Insurance & Actuarial News South Africa

Weak rand poses real threat to the insurance industry

The South African insurance industry needs innovative solutions to counteract the negative impact of the dramatic depreciation in the value of the rand since December 2015.
Anees Vazeer, CFO: Lion of Africa
Anees Vazeer, CFO: Lion of Africa

A sustained weak currency poses a real threat of catapulting the well-established successful South African insurance industry into a struggling third-world industry - with no foreign equity holders, low capacity for reinsurance and unaffordable premiums for consumers.

Disinvestment by foreign-owned companies

A major concern is the potential disinvestment by foreign-owned insurance and reinsurance companies as the continued weakening and volatile currency decimate their return on investment and capital.

Many of these are operating in South Africa through fully capitalised subsidiary companies, which offer local insurance companies high credit rated reinsurance balance sheets, a critical requirement in protecting the local balance sheets and reducing their capital requirements.

If these companies were to close their South African businesses the quality of and capacity for reinsurance will decrease.

Increased tariffs

Another threat is consumer resistance to the inevitable increases in insurance premiums. The weak currency increases the cost of replacing and insuring assets, of which 80-90%, including cars, technological devices, electronics and most household appliances, are imported.

Insurance companies are already experiencing an increase in the value of claims due to the higher cost of imported goods and will have no other option than to increase premiums.

In an environment where consumers are already under pressure due to a contracting economy and higher inflation, many will opt not to insure.This will not only leave them in a position where they are unable to replace their assets in the event of damage or loss, but will have a ripple effect on the economy of the country.

Motor insurance under pressure

As things stand, short-term insurance companies are already under pressure, especially on motor insurance. For many, the losses on their motor book is currently the most significant contributor to weakening results and extremely slim profit margins.

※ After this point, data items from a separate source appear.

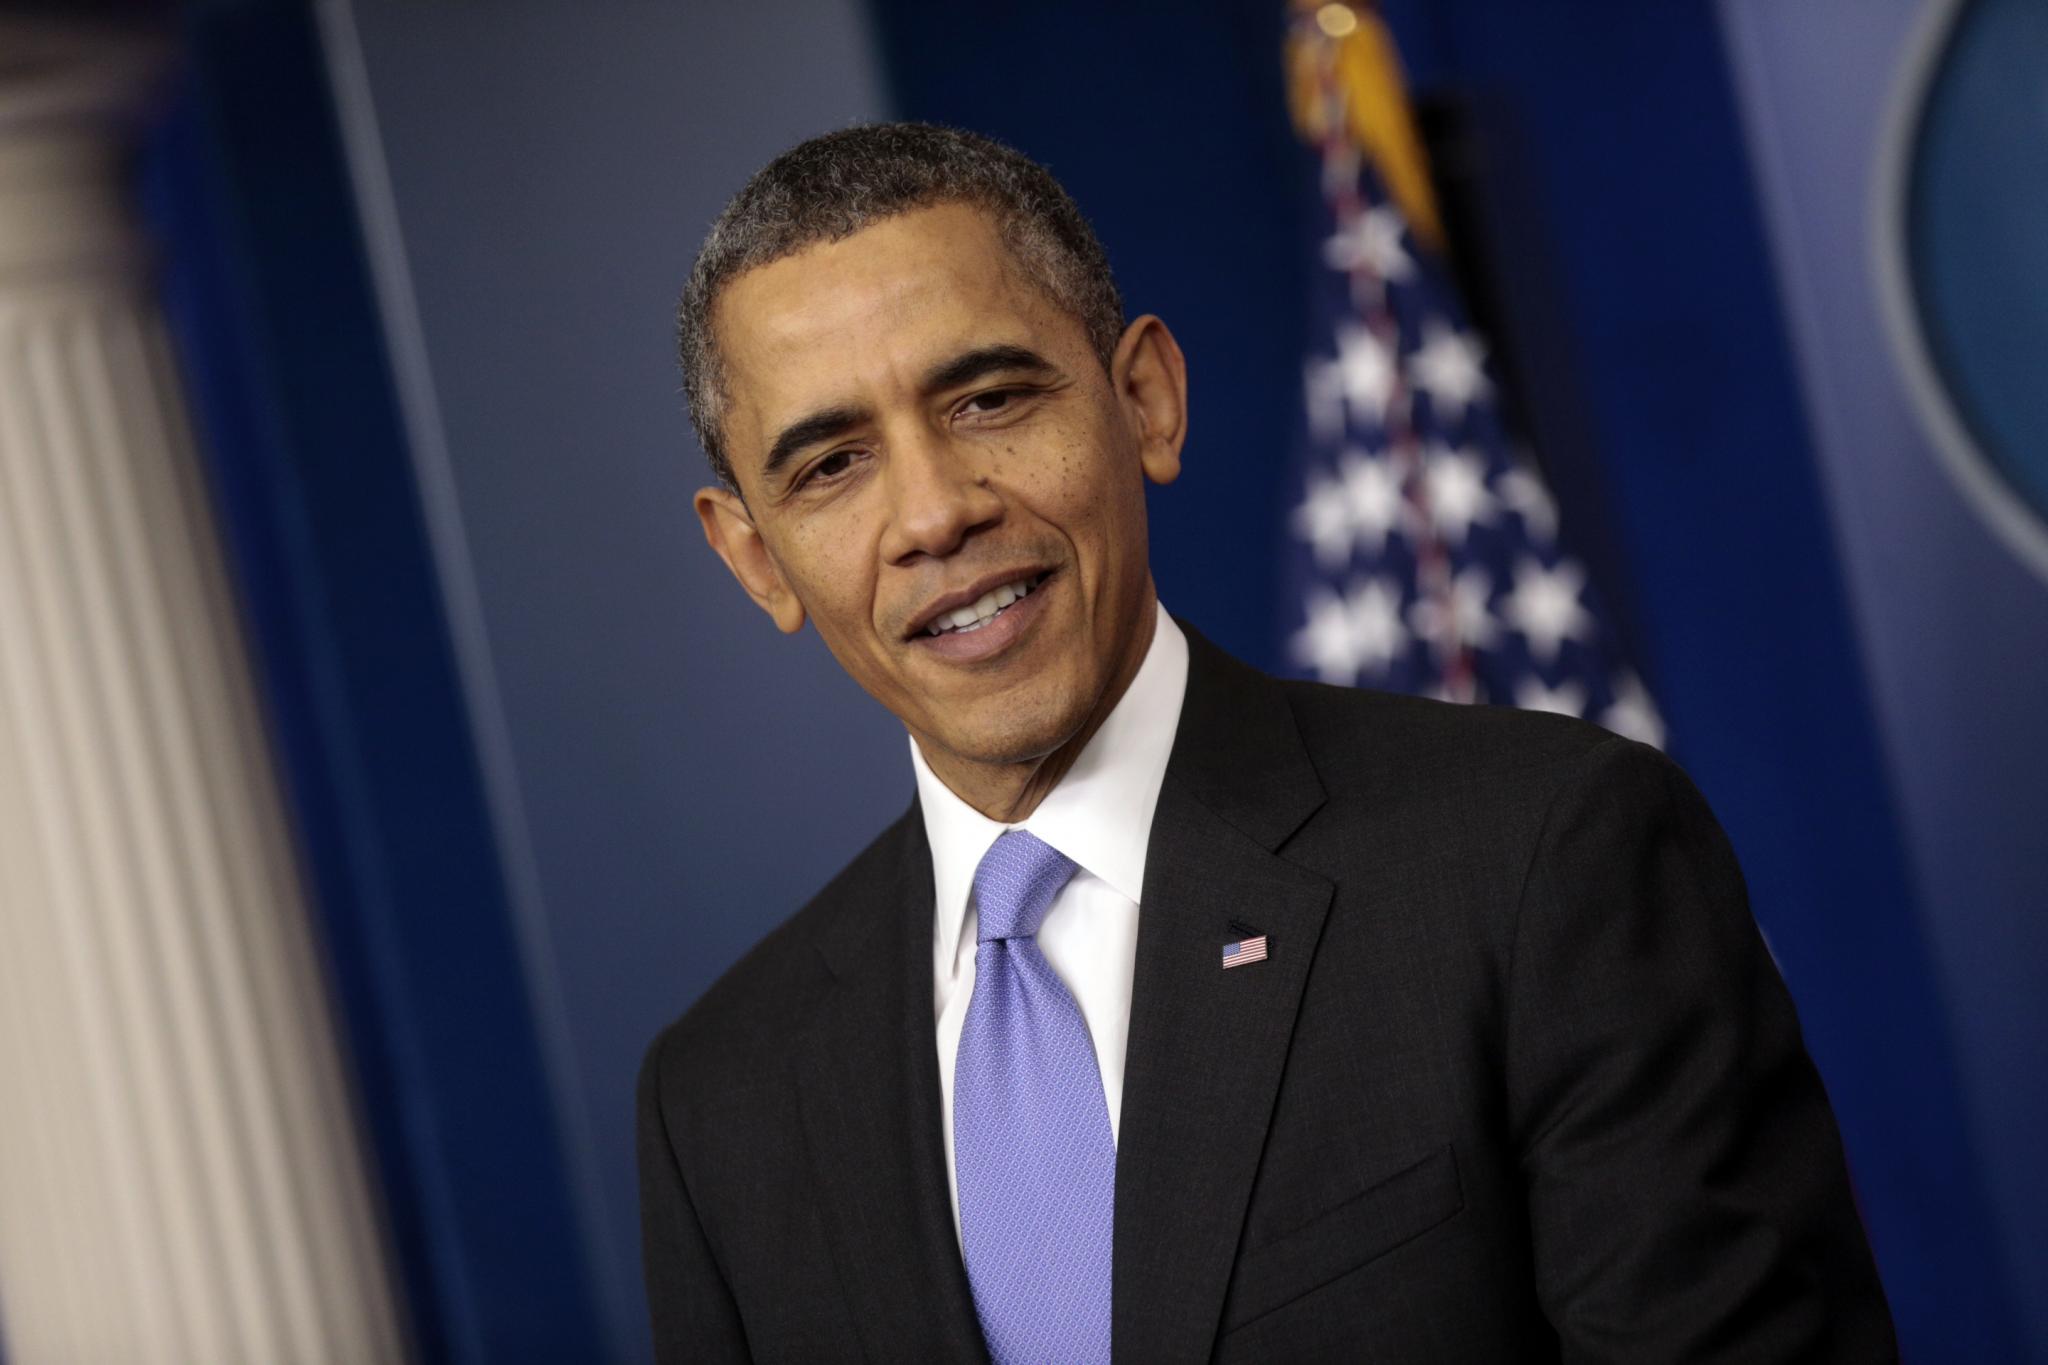 President Obama Is Most Admired Living Man of 2013
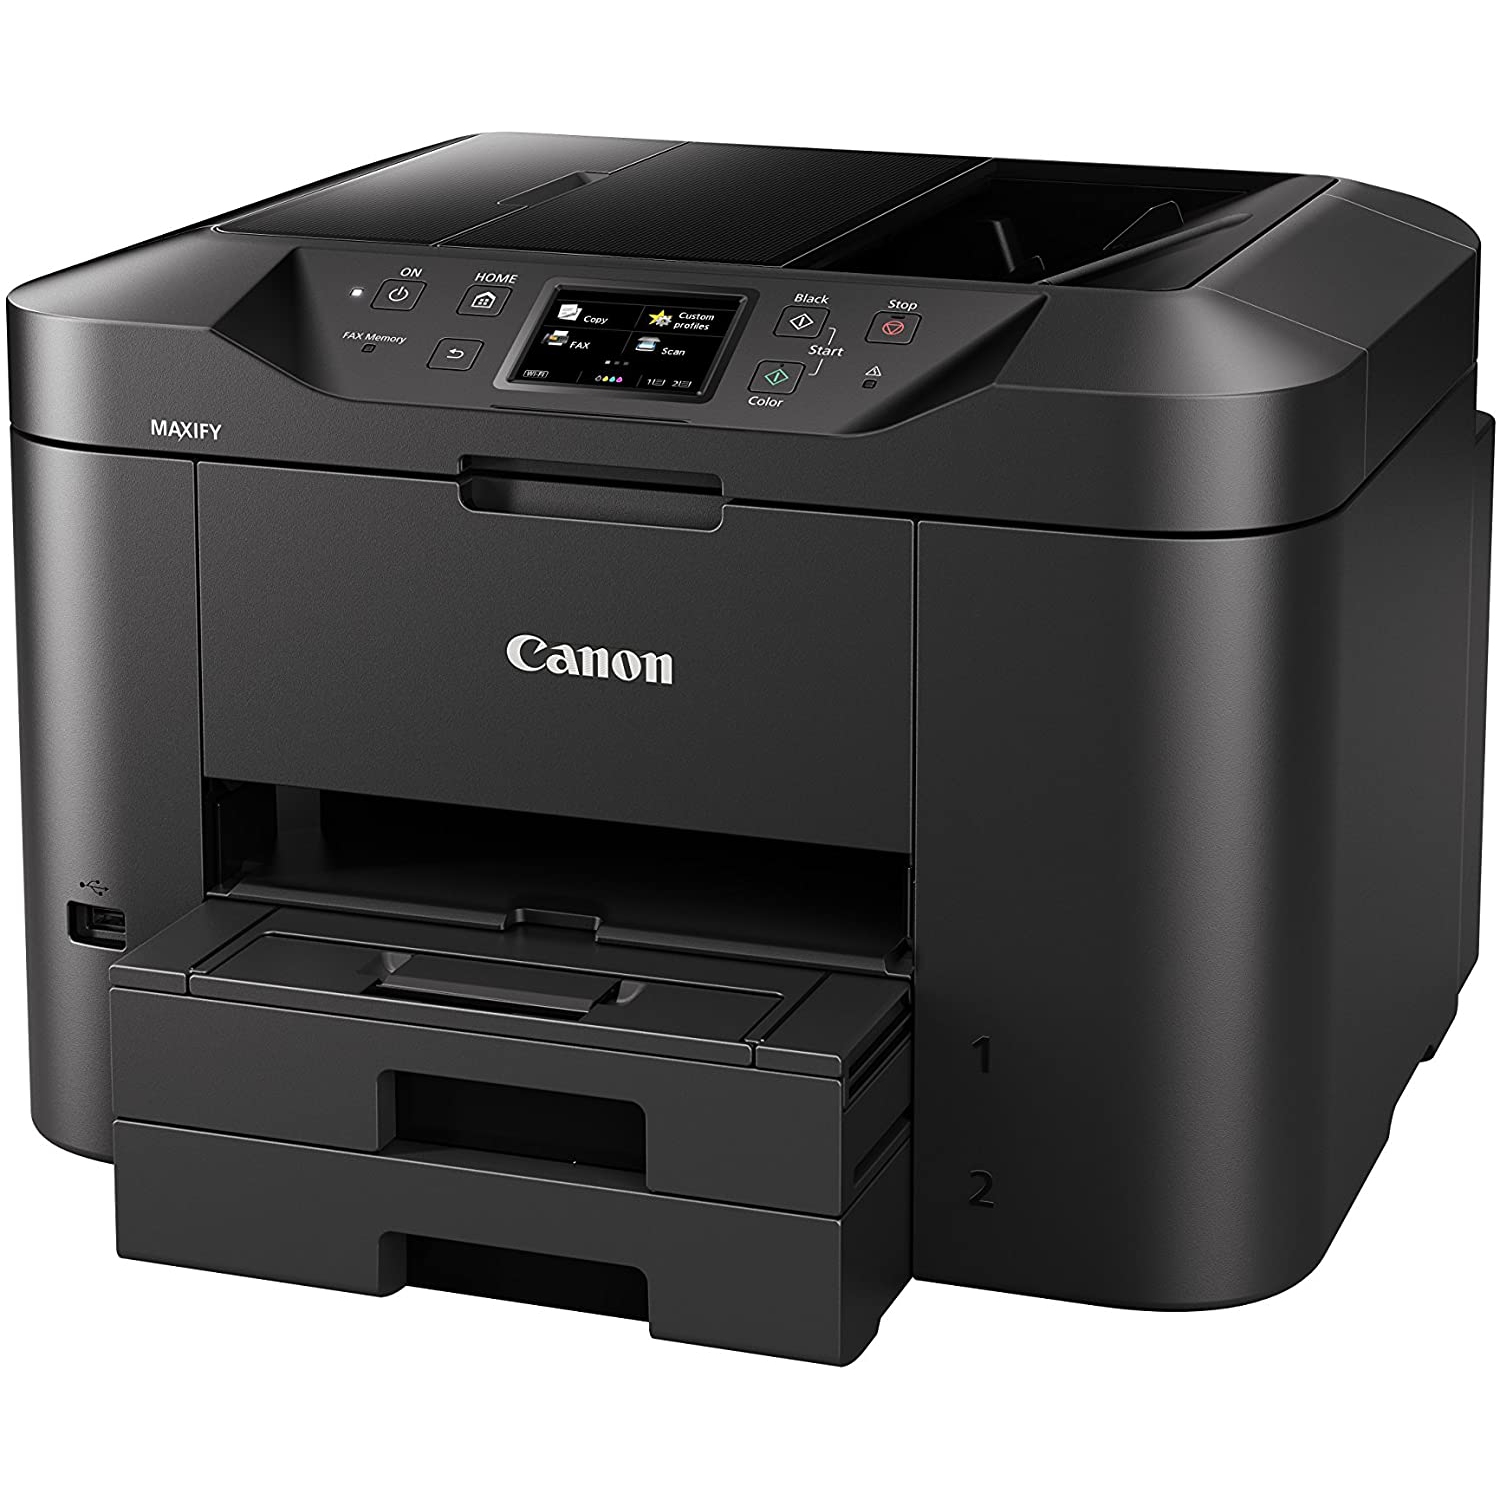 Canon Maxify MB2720 Wireless Colour Printer with Scanner Copier & Fax Black - Refurbished
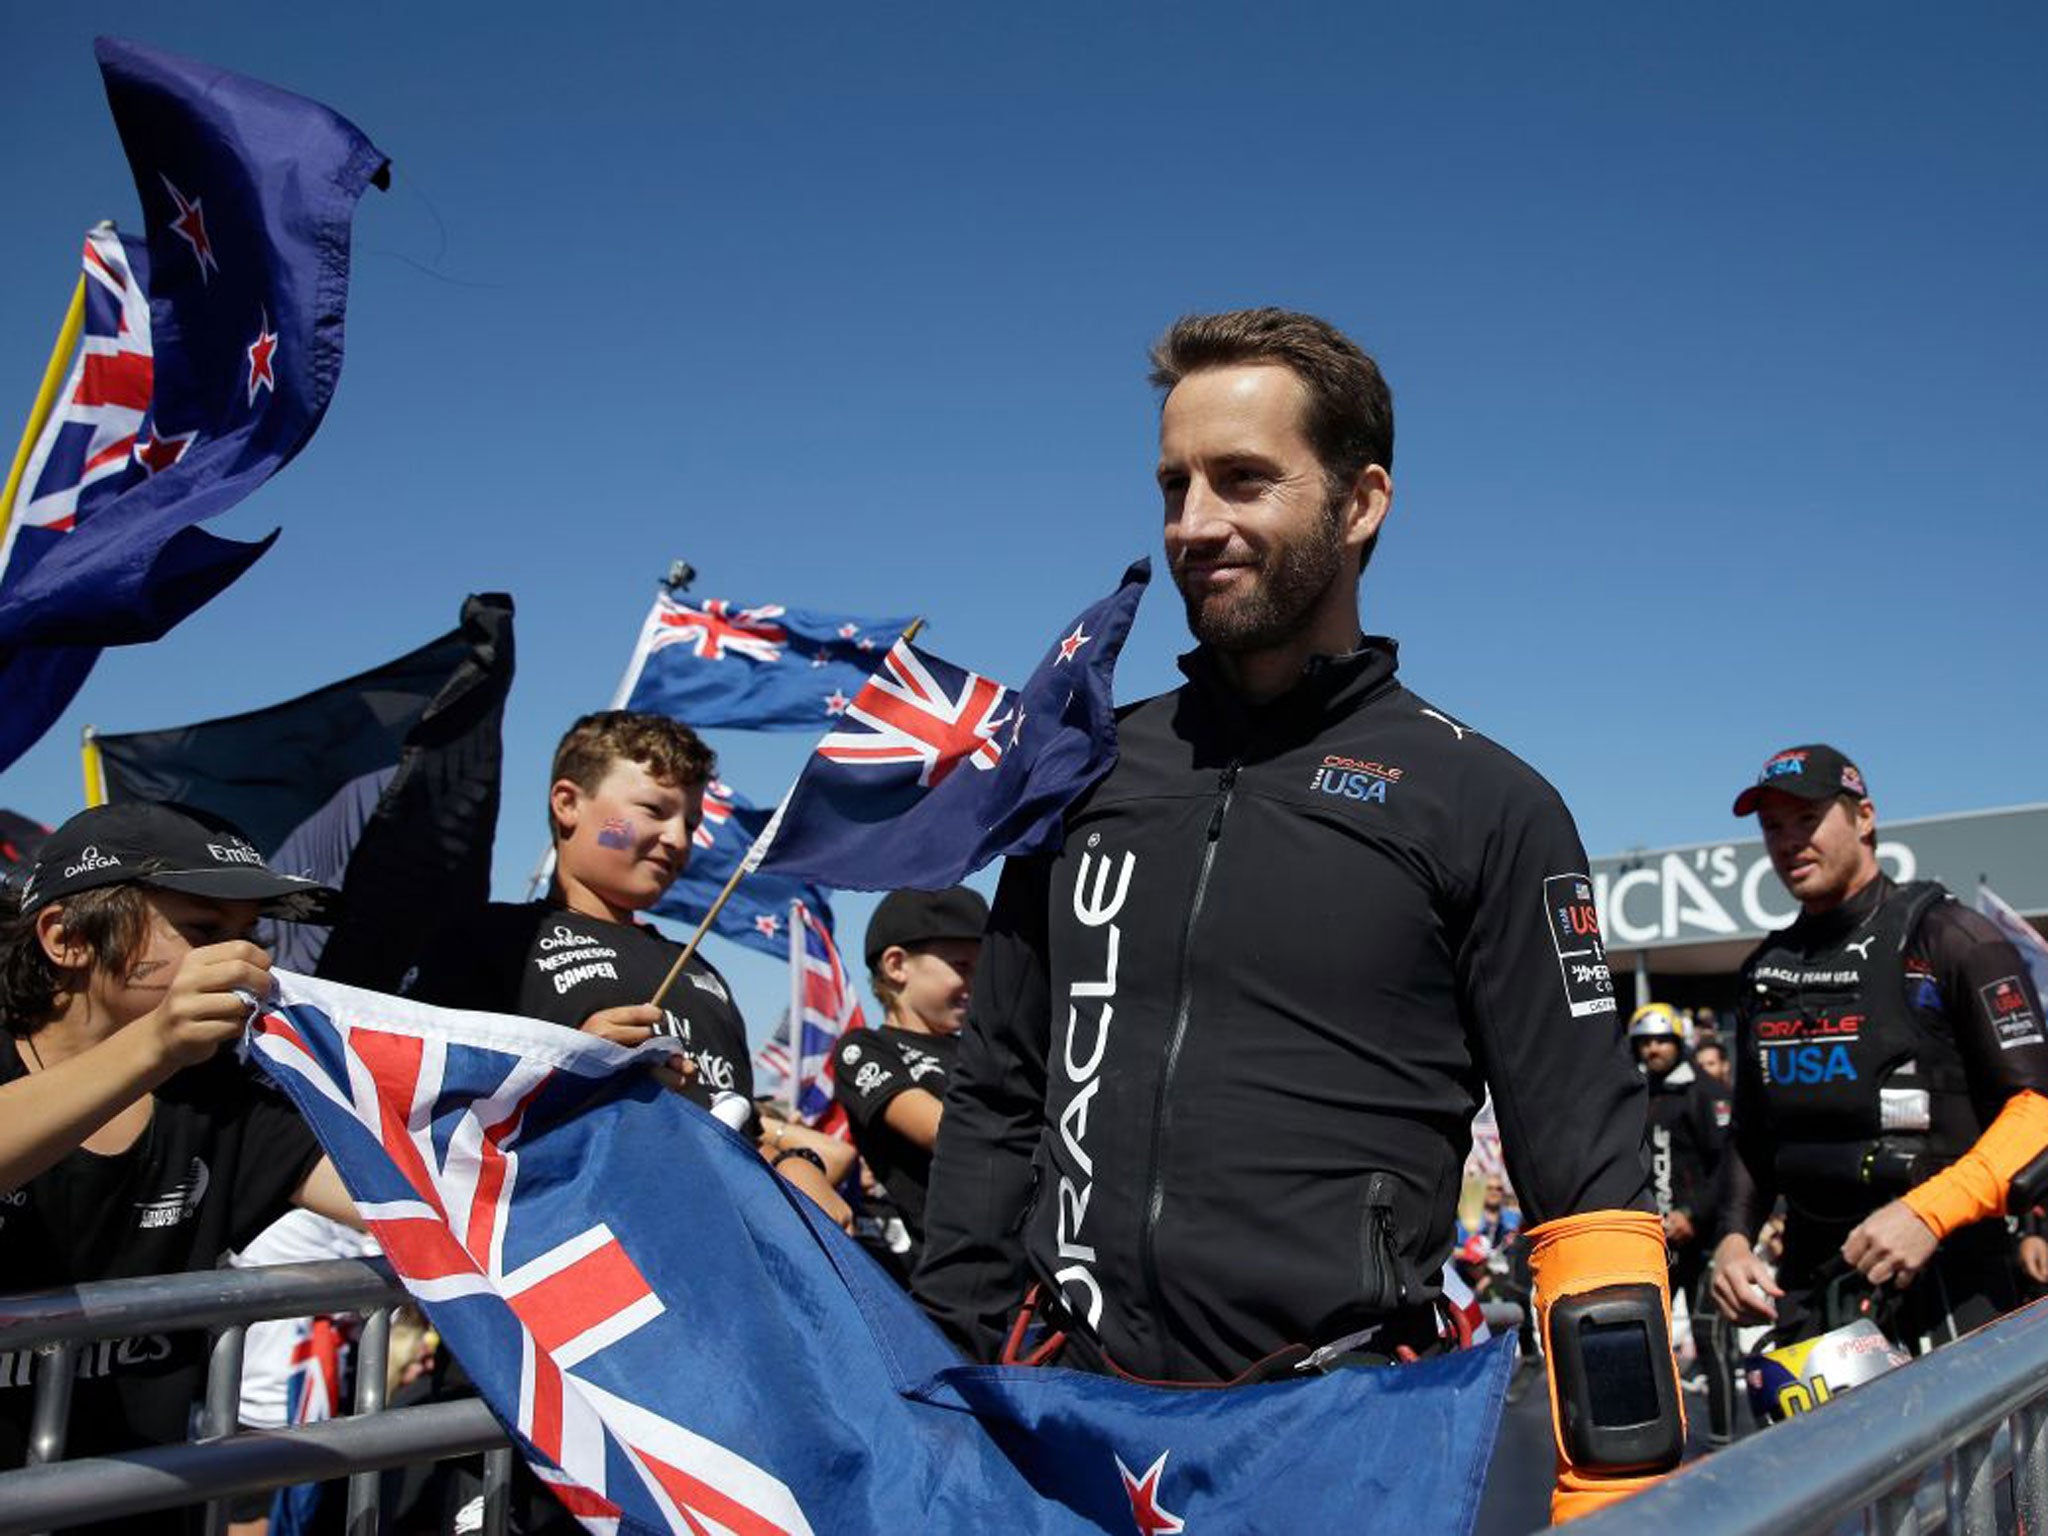 Ben Ainslie, the ruthless victor of the America’s Cup

Almost all parts for vehicles, even those that are locally assembled, are imported and insurance companies won’t be able to absorb the increases in cost for very much longer. Again, this will inevitably result in increased premiums.

Maintaining living standards

In order for South Africa to be part of the global economy and be able to compete, it has to maintain high living standards to attract, and, more importantly, retain skills.

Living standards are dependent on municipalities for maintaining and enhancing infrastructure. Insurance plays a critical role in assisting municipalities in doing so, and with much of the infrastructure being imported in foreign currency, this places a huge strain on both parties when the rand weakens.

A depreciating rand will lead to deteriorating infrastructure, lower standards of living and a brain drain over a sustained period of time.

In order to survive and to ensure a viable and successful industry, economy and country, South African insurance companies will need to innovate and diversify as they cannot rely on a sustained appreciation in the value of the rand to secure their future.